• _What you have to do_: Apart from the pictures, the listing is to be returned exactly.

*** Opening Data excerpt ***

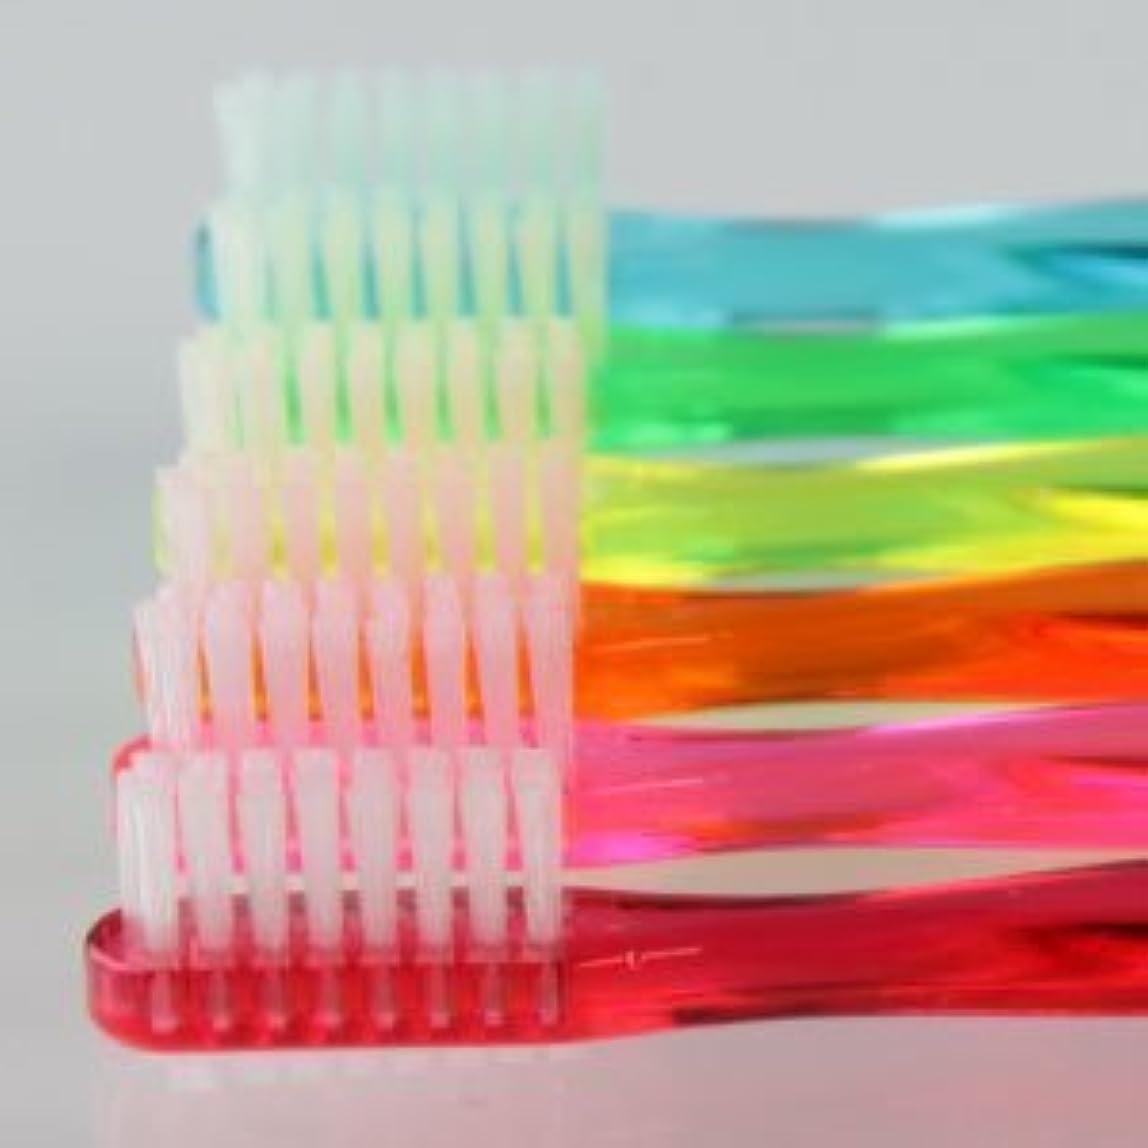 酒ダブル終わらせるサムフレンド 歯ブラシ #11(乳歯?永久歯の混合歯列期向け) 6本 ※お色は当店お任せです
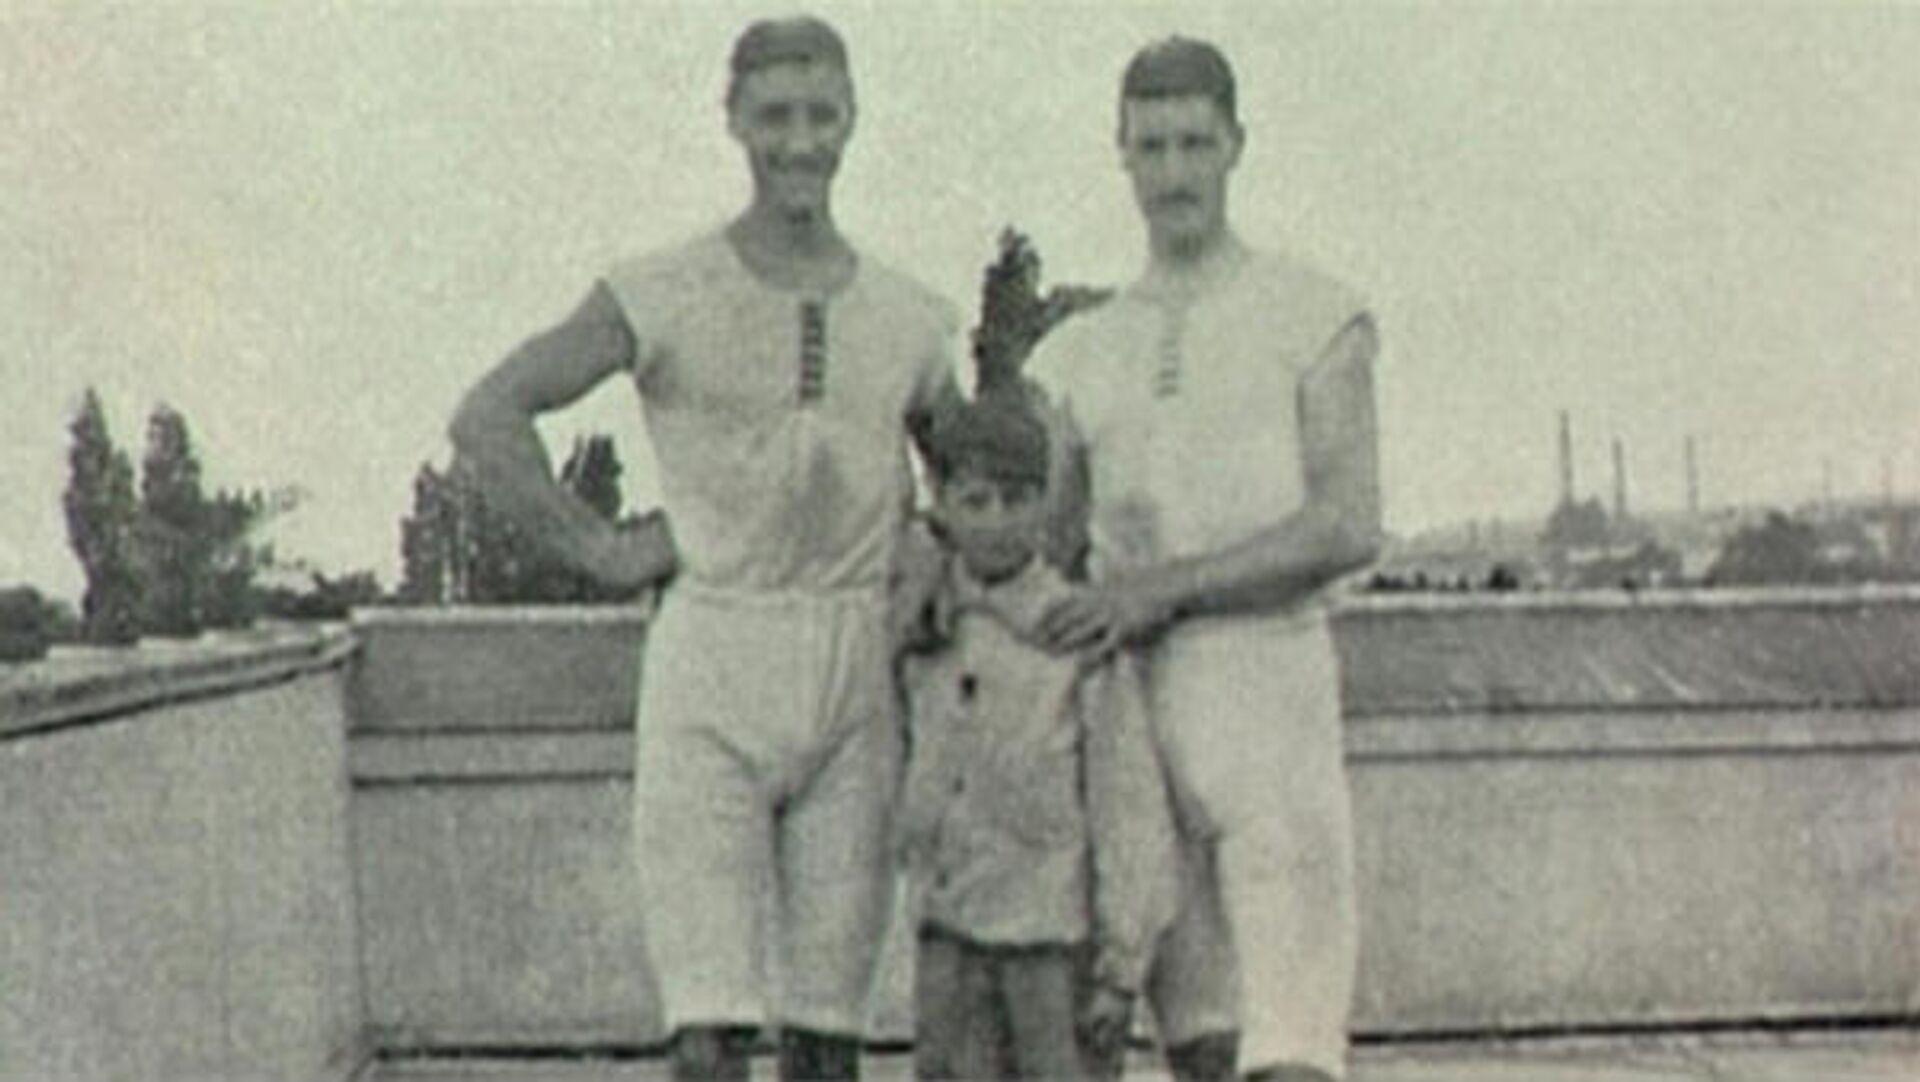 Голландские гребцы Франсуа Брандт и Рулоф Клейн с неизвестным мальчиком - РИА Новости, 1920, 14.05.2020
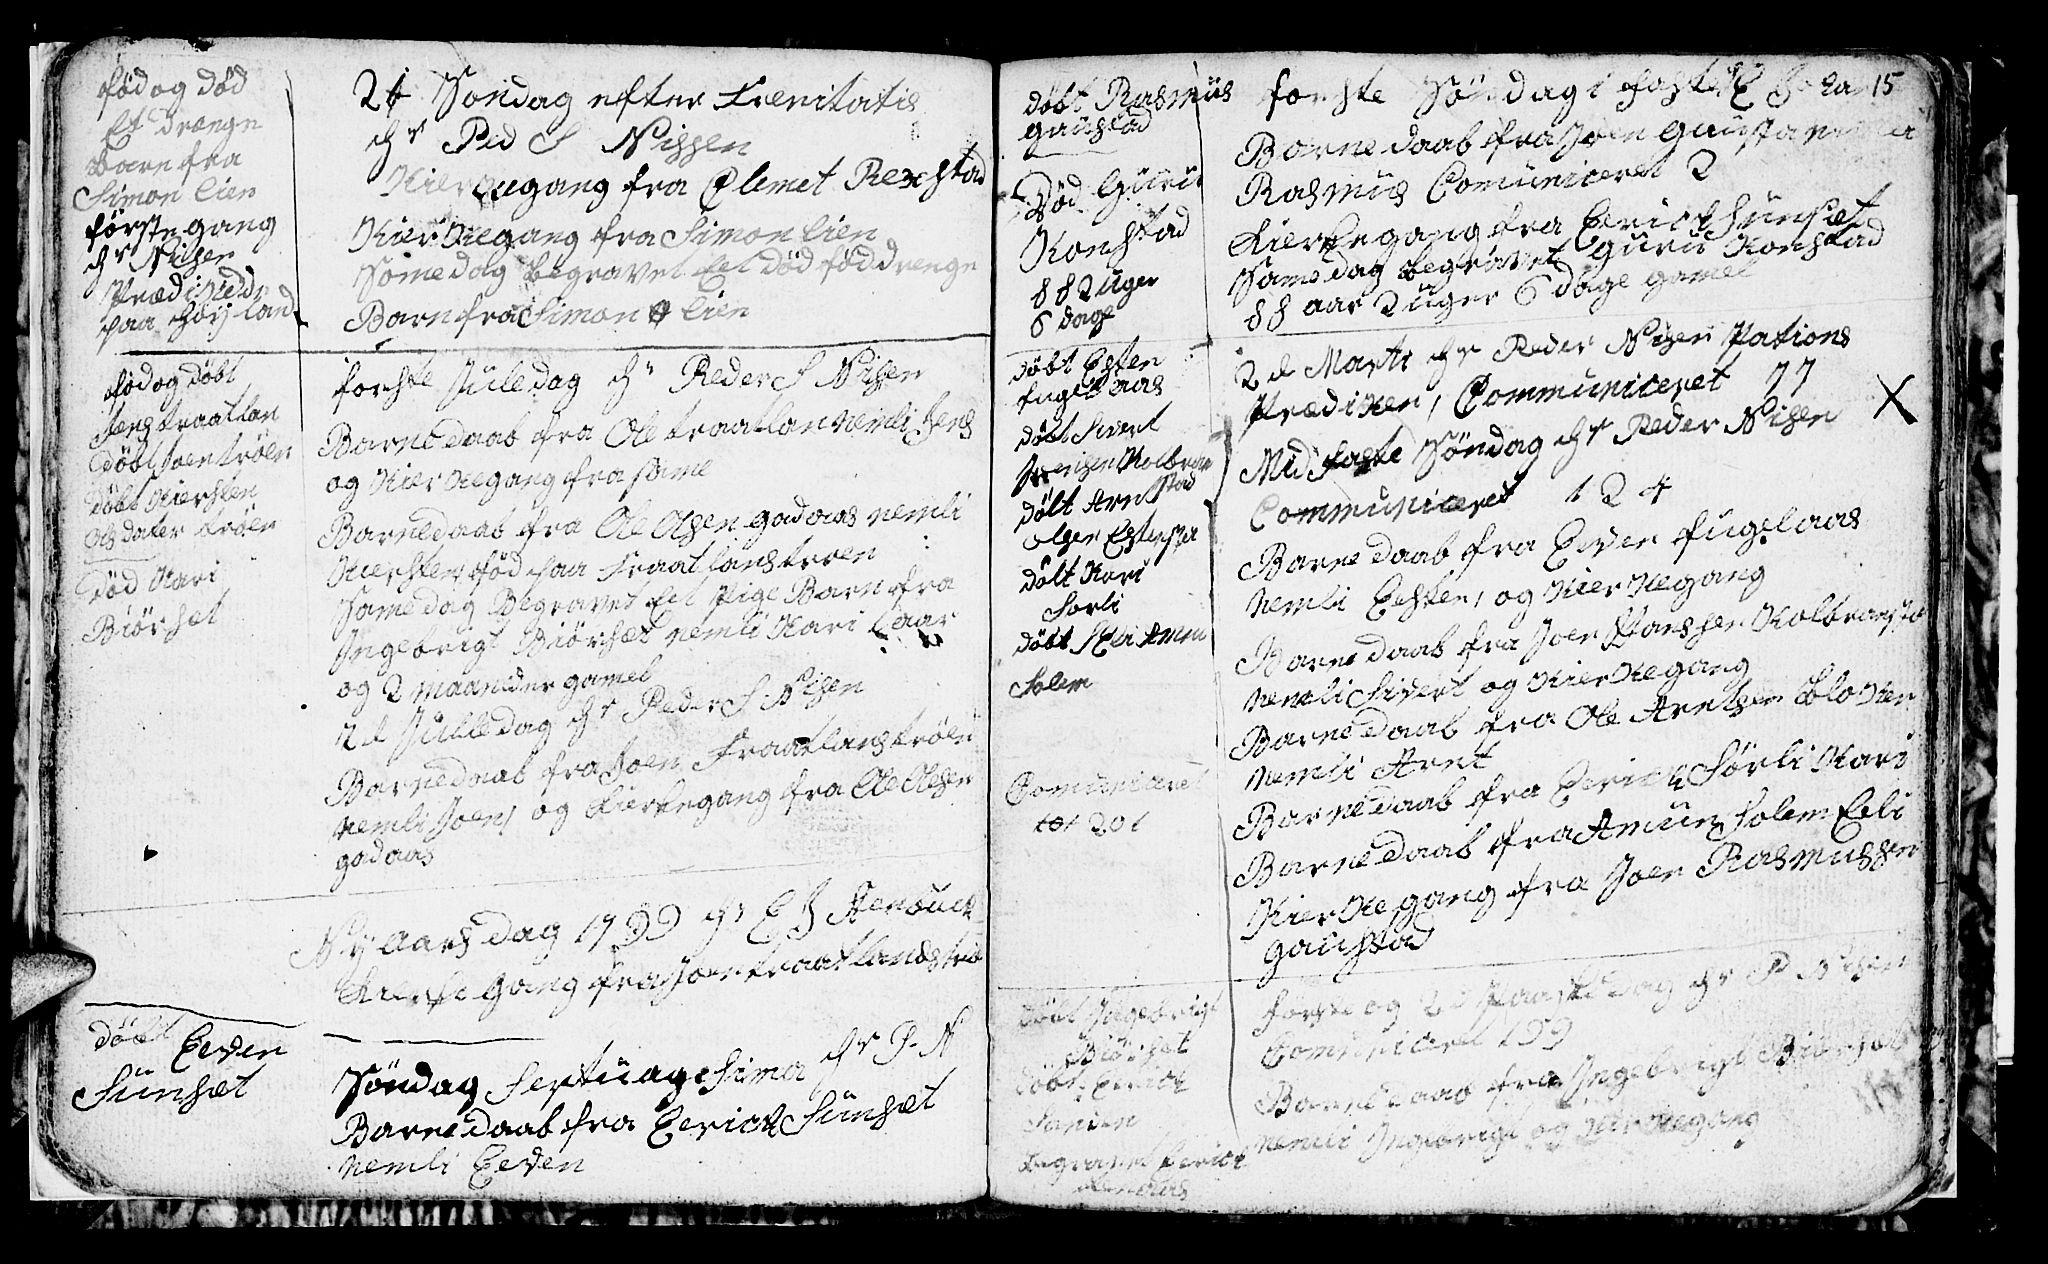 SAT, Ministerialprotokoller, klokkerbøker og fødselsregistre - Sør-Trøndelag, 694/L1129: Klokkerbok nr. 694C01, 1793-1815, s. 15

*** Closing Data excerpt ***

• _Exercise result_:
 酒ダブル終わらせるサムフレンド 歯ブラシ #11(乳歯?永久歯の混合歯列期向け) 6本 ※お色は当店お任せです
 Голландские гребцы Франсуа Брандт и Рулоф Клейн с неизвестным мальчиком - РИА Новости, 1920, 14.05.2020
 SAT, Ministerialprotokoller, klokkerbøker og fødselsregistre - Sør-Trøndelag, 694/L1129: Klokkerbok nr. 694C01, 1793-1815, s. 15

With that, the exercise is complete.